Tagged: Not for every class.

The rule is simple: Do not tag simple classes such as Distance, Angle, Temperature ...
• First, it doesn't make sense to extend them.
• Second, they are extensively used and there would be a high performance cost in tagging them.
• Third, if they are tagged and you derive them, you will have to overload all their primitive binary operators such as "+", "-", ... And you don't want to do that.

Example:

with Scalar;
package Angle is

   type Object is private;
   Nil : constant Object; 

   type Radian is new Scalar.Float_15;
   type Degree is new Scalar.Float_15; 

   function Radian_Of(The_Angle : in Angle.Object) return Angle.Radian;
   function From_Radian(The_Radian : in Angle.Radian) return Angle.Object;

   function Degree_Of(The_Angle : in Angle.Object) return Angle.Degree;
   function From_Degree(The_Degree : in Angle.Degree) return Angle.Object;

   function "+"(Left, Right : in Angle.Object) return Angle.Object;
   ... 

private
      
   type Object is record
      In_Radian : Angle.Radian := Angle.Radian'Last;
   end record;
   Nil : constant Angle.Object := (In_Radian => Angle.Radian'Last);

end Angle;

Controlled or not Controlled?

When a class is derived from Ada.Finalization.Controlled, the call to Initialize, Adjust and Finalize is automatically done by the compiler (See Reference Manual). This is useful in order to avoid memory leaks (the compiler will never forget to delete an object which is no longer used).
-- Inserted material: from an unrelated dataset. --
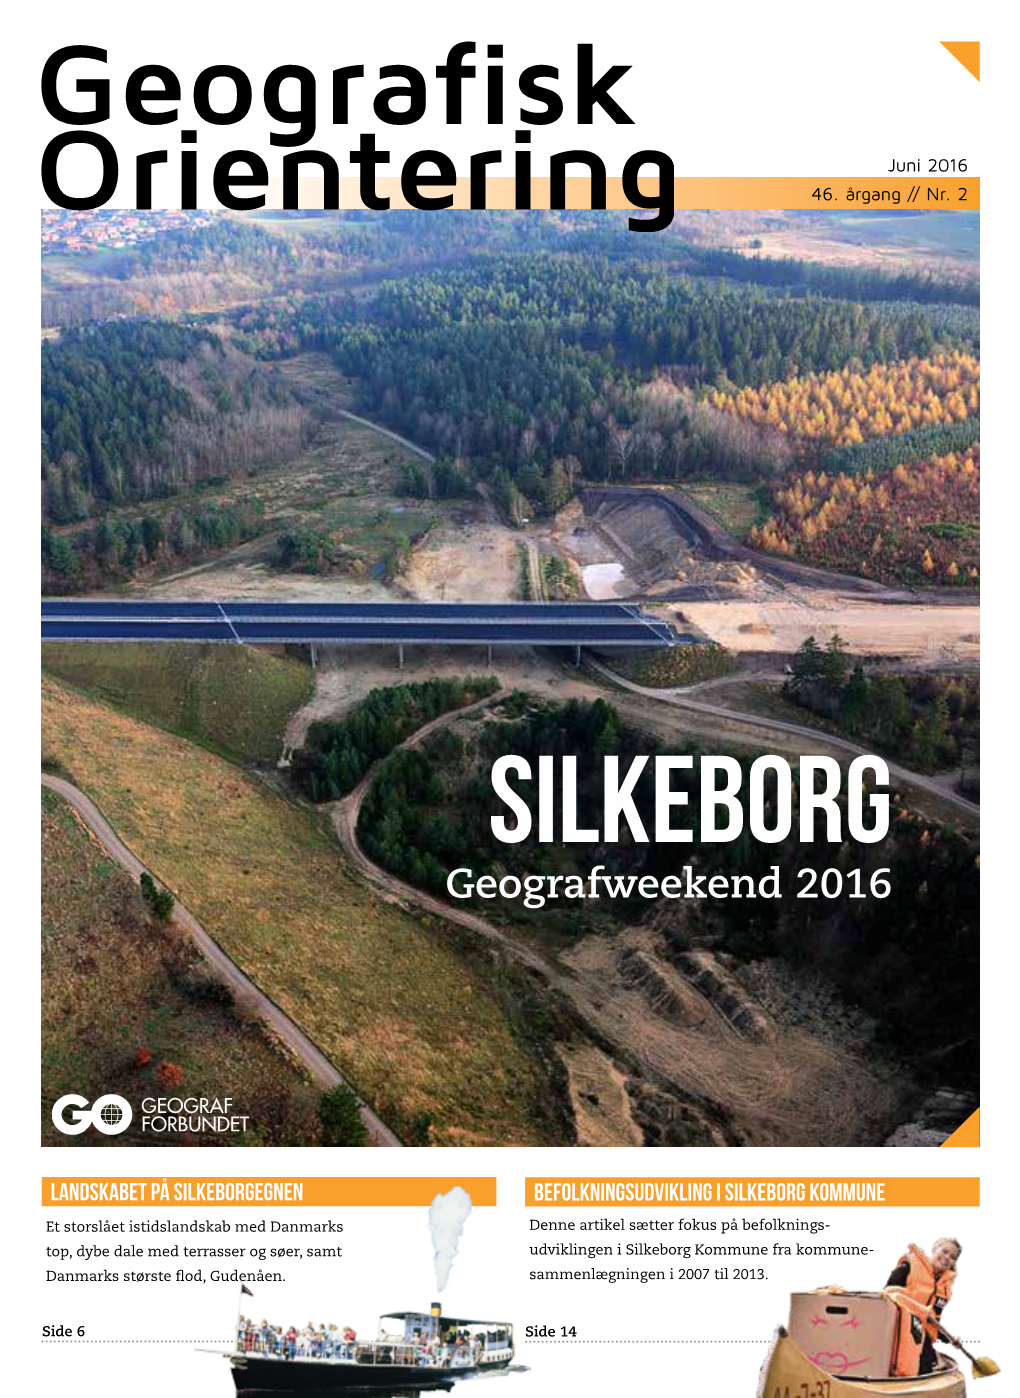 Silkeborg Geografweekend 2016

It is also useful when an object is duplicated: The two copies can be made independent. This feature should be used only if the default behavior of the compiler is not satisfactory. Indeed, once a class is controlled, the programmer is assumed to take over the controlled processing for each of its children. Thus, if a child adds new extensions, the inherited Initialize, Adjust and Finalize will not consider the new extensions and therefore will have to be overloaded (see: Beware of the inheritance).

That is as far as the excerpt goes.